第6話 呼ばれた少女
――ぱしっ。
宿水七香は突然投げ渡されたトマトを受け取り、それを投げた相手を見つめながら言った。
「……で、なんだって?」
七香の視線の先にいる相手は、何を考えているのかよく分からない微笑みを浮かべて、穏やかに佇んでいる。
静かな少年だった。
そのあり方、表情、全てが、凪いだ海のように穏やかで。
そして、もの凄く深いその海の底に、恐ろしげな怪物を隠していると感じさせるような、神秘的な微笑みが特徴的な少年だった。
なにも知らなかったら、向こうにいたときに見ていたら、すごく騙されやすそうと感じられたかもしれないくらいに、優しげで、どこか寂しげな少年だった。
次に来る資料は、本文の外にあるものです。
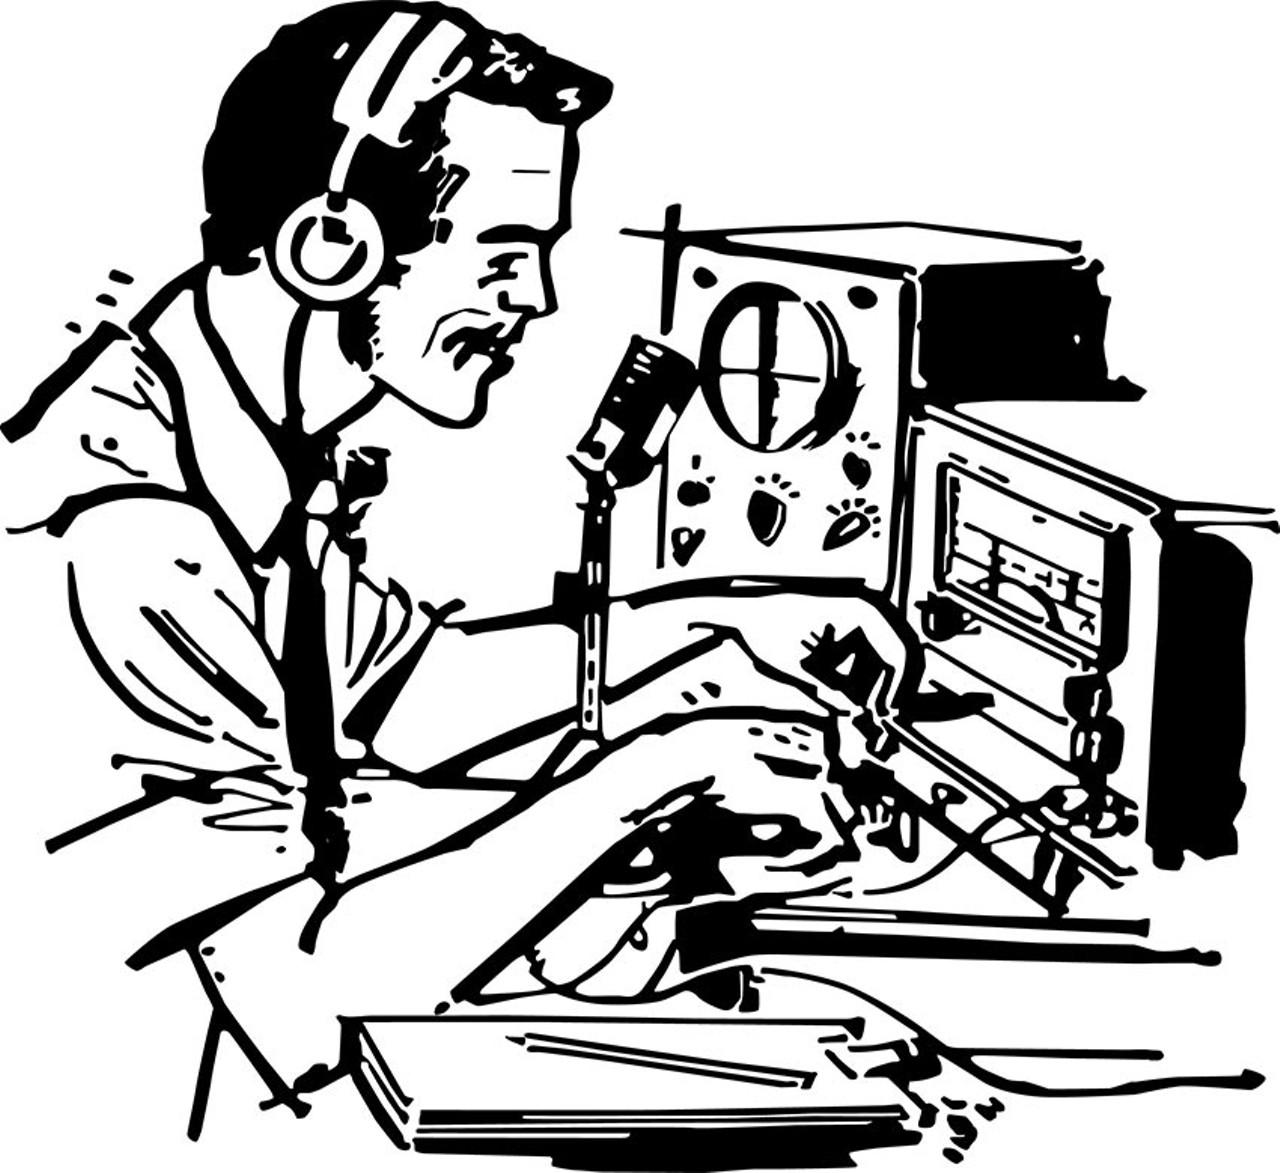 1280x1173 That's Not Real Ham Radio

けれど、いくつもの死と暗闇を味わってきた今の七香には、目の前の少年が見た目通りの存在ではないことがよく分かっていた。
――淀んでいる。
魂が、心が、瞳が、あの少年は淀んでいる。
邪悪に染まっているわけではない。
ただ、どこからも水を受け入れることのない池が徐々に生き物の死体と腐った植物とを取り込み、灰色に淀んで行くように、彼自身もまた、ゆっくりと浄化しきれない何かに染まってしまったのだ。
そのことが、今の七香にはよく理解できた。
なぜなら、自分もまた、彼と同じ――
けれど、それでも本質的に同じ存在なはずの自分と少年の間には、深い断裂があることも分かっていた。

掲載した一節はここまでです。